Table 2 presents the \(AU(\overline {PRC})\), \(\overline {AUPRC}_{w}\) and \(\overline {AUPRC}\) values for all methods that were compared. We highlight in bold the best results that were obtained.

Table 2 \(AU(\overline {PRC})\), \(\overline {AUPRC}_{w}\) and \(\overline {AUPRC}\) values

Table 3 shows the average rankings according to the Friedman test. The p-values obtained considering the \(AU(\overline {PRC})\), \(\overline {AUPRC}_{w}\), and \(\overline {AUPRC}\) measures were, respectively, 1.47×10−22, 1.57×10−12, and 8.40×10−18, which clearly indicate that there are statistically significant differences among the methods. To identify which pairwise comparisons present statistically significant differences, we performed the Nemenyi post-hoc test.

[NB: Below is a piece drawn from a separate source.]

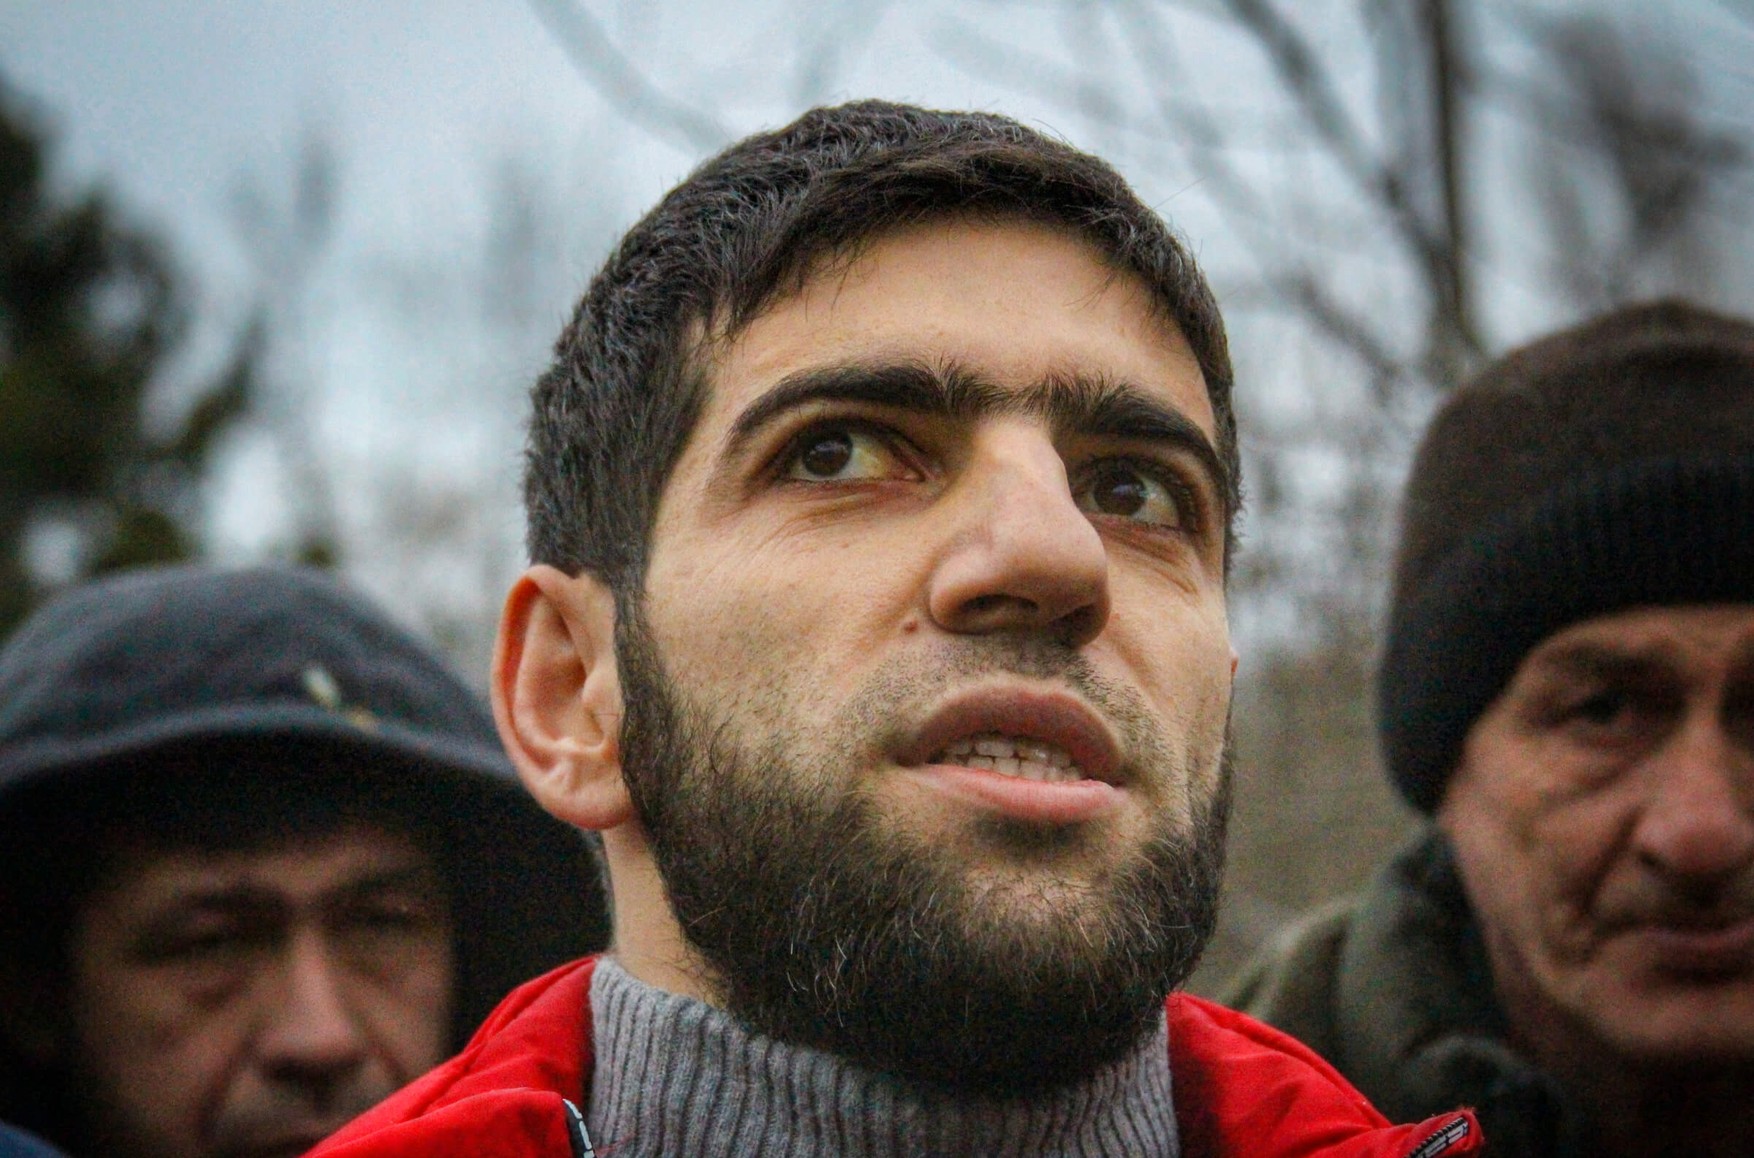 Крымскотатарский активист Энвер Крош рассказал, что его пытали по пути на допрос

Table 3 Average rankings according to the Friedman statistical test

According to Nemenyi test, HMC-LMLP-Predicted outperformed Clus-HSC, Clus-SC, hmAnt-Miner, and HMC-LMLP-Labels with statistical significance considering both the \(AU(\overline {PRC})\) and \(\overline {AUPRC}_{w}\) measures. No statistically significant differences were detected between the HMC-LMLP variants and Clus-HMC. Considering the \(\overline {AUPRC}\) measure, no statistically significant differences were detected among HMC-LMLP-Predicted and the other methods.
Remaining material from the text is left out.